Genel

Mutlu Bir Hayat Filizlenir, Kavganın Ufuklarından… Yaşasın 1 Mayıs!

Tarih, 1 Mayıs 1886’da kitlesel bir greve sahne oldu. Çalışma saatlerinin azaltılması için “8 saatlik işgünü” talebiyle iş bırakan işçilerin mücadeleleri öylesine güçlüydü ki; 138 yıl sonra bugün de dünyanın tüm işçileri 1 Mayıs’ı Dünya İşçilerinin Birlik, Mücadele ve Dayanışma Günü olarak kutlamaya, alanlarda haklı taleplerini haykırmaya, emeklerinin karşılığını almak için omuz omuza yürümeye devam ediyor.

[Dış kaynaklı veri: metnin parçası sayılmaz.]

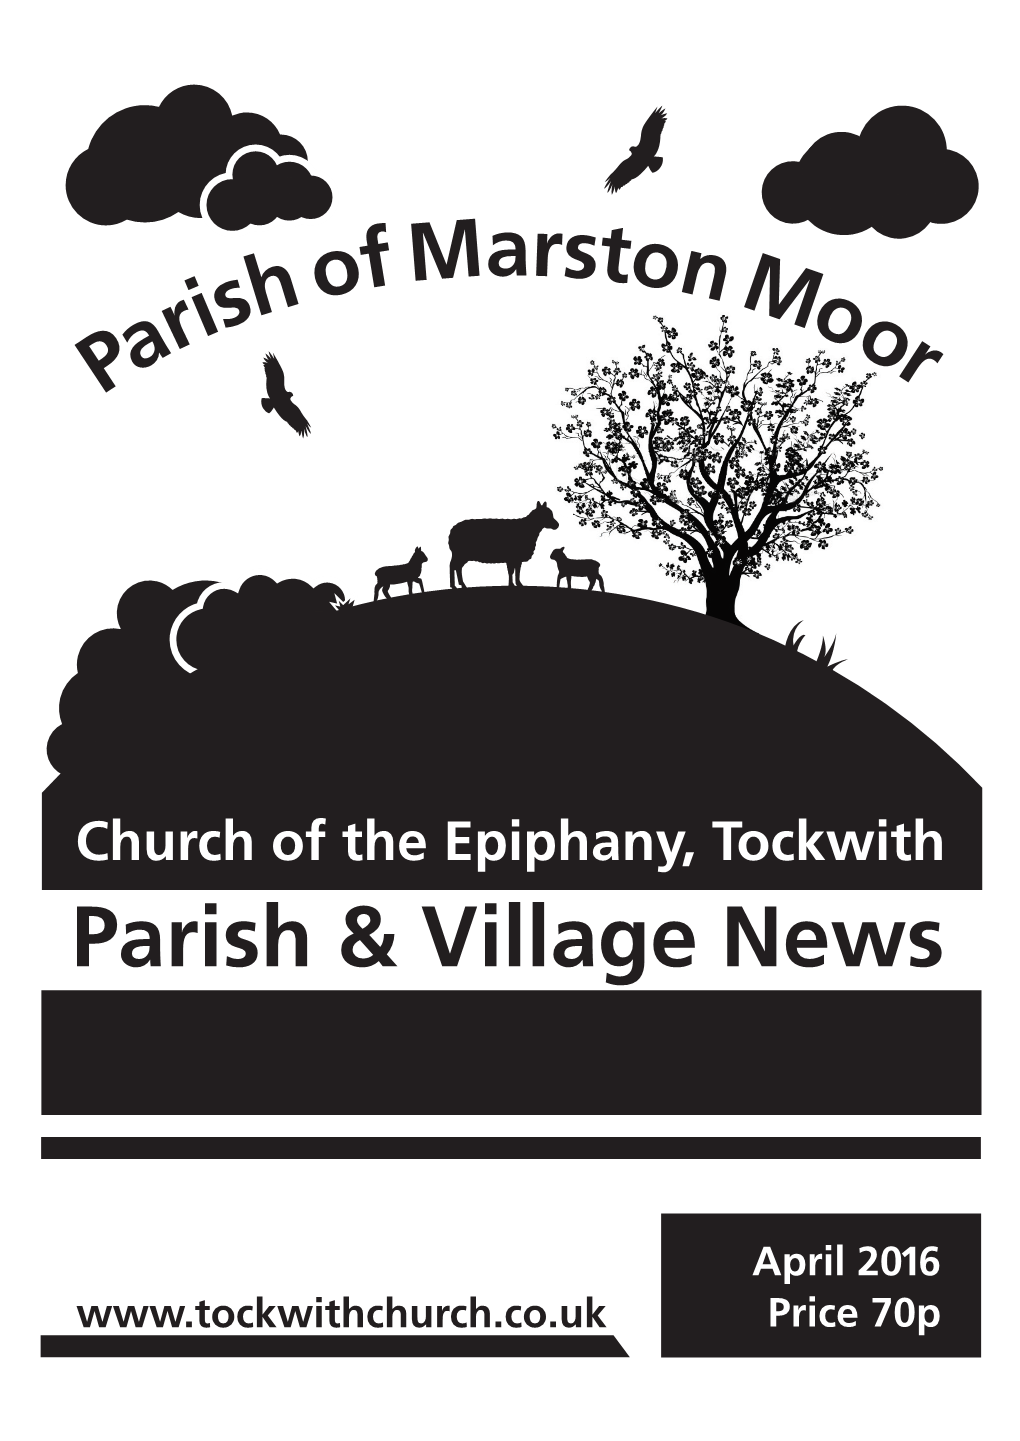 Church of the Epiphany, Tockwith Parish & Village News

Nasıl ki dünya tarihi 1 Mayıs 1886’da uzun çalışma saatlerine ve ağır çalışma koşullarına karşı mücadele eden işçileri yazdıysa, bugün de işçiler, emekçiler; ekmek, adalet ve hürriyet için yürüyenler isimlerini ve mücadelelerini tarihe not düşüyor.

Bugün, çarklar dönmeye, işverenler servetlerini katlamaya, zenginler savaşlardan, salgınlardan, afetlerden daha da zenginleşerek çıkmaya devam ederken dünya nüfusunun büyük çoğunluğunun payına savaş, yoksulluk, açlık, işsizlik ve sömürü düşüyor.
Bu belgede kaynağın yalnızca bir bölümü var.